Johnny goes to Brian's workplace, knocks him out, and sets him and the marina on fire. Unknown to Johnny, Brian manages to regain consciousness and escapes. Johnny then calls Melissa and tells her to come to his house. Melissa refuses until she hears Cammie calling her name. Johnny reveals that he killed Melissa's mother to lure them to the house in hopes of starting a new family. Melissa frantically searches Johnny's house wherever she hears Cammie's voice only to find that the sound has been coming from Johnny's home movie and the baby monitor in the basement. Melissa refuses to be Johnny's mother, declaring that she and her family do not love him. After being enraged and heartbroken, Johnny tries to bury Melissa in a hole created for his father, but she escapes.

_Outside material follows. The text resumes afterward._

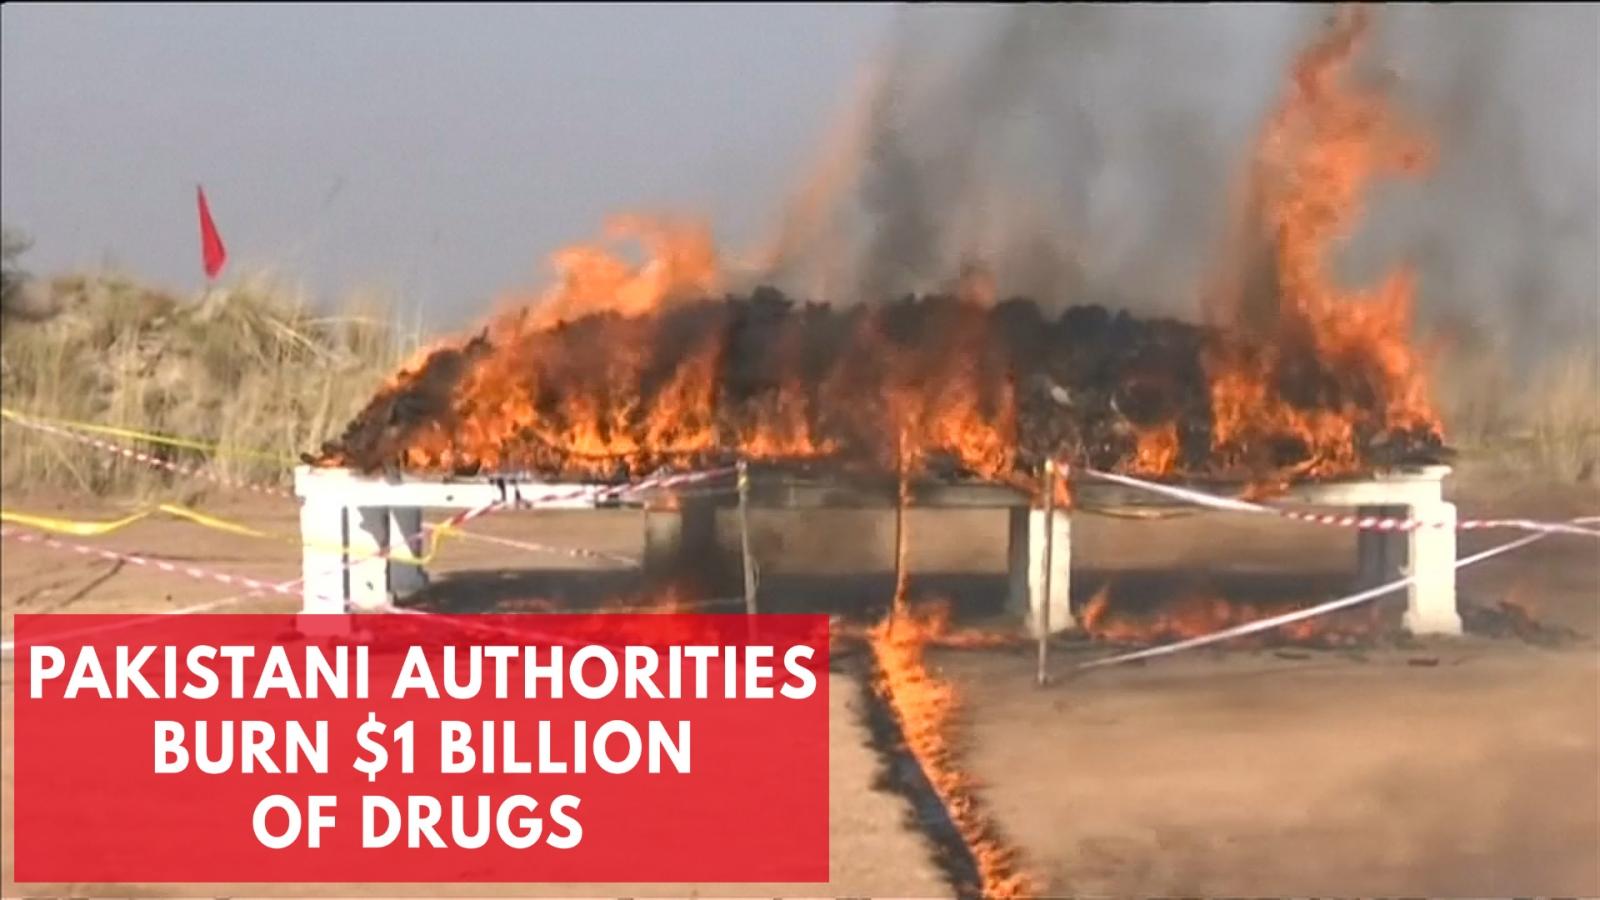 1-billion-of-drugs-burned-by-pakistani-authorities

Now completely unhinged, Johnny pursues Melissa and Cammie with a pickaxe. Johnny and Melissa struggle with the axe until the police arrive. Johnny frantically claims Melissa is crazy and tried to kill him, even saying she murdered his father. However, to his horror, Johnny sees Brian step out of the squad car, saying that it's over, having already told the police everything. The cops take Johnny away as he breaks down hysterically and vainly begs for Melissa to tell them that he is a good boy and for the cops to let him go, while the cops have a talk with Melissa, Brian and Cammie about the whole situation with Johnny as the movie ends.

==Cast==
- Marc Marut as Johnny McFarley
- Alexandra Paul as Melissa Thorpe
- William Katt as Brian
- Karyn Dwyer as Brenda
- Krista Errickson as Diana
- Frances Bay as Mrs. Rosemont
- Brigid Tierney as Cammie Thorpe
- Barry Flatman as Mr. McFarley
- Derek Johnston as Brenda's Boyfriend
- Claire Riley as Jeanne Stalcup
- Jenny Campbell as Tiffany
- Mathieu Kermoyan as Uri
- Bobo Vian as Dora
- James Rae as Travis
- Frelin The Dog as Peaches The Dog
- Sam Stone (uncredited) as Police Sergeant

==Production==
===Filming===
Principal photography started on July 26, 1993, and ended on August 27, 1993.

==Reception==
When the film appeared on VHS, Entertainment Weekly gave it an enthusiastic review: "incredibly fun... the best movie about an evil kid since The Omen".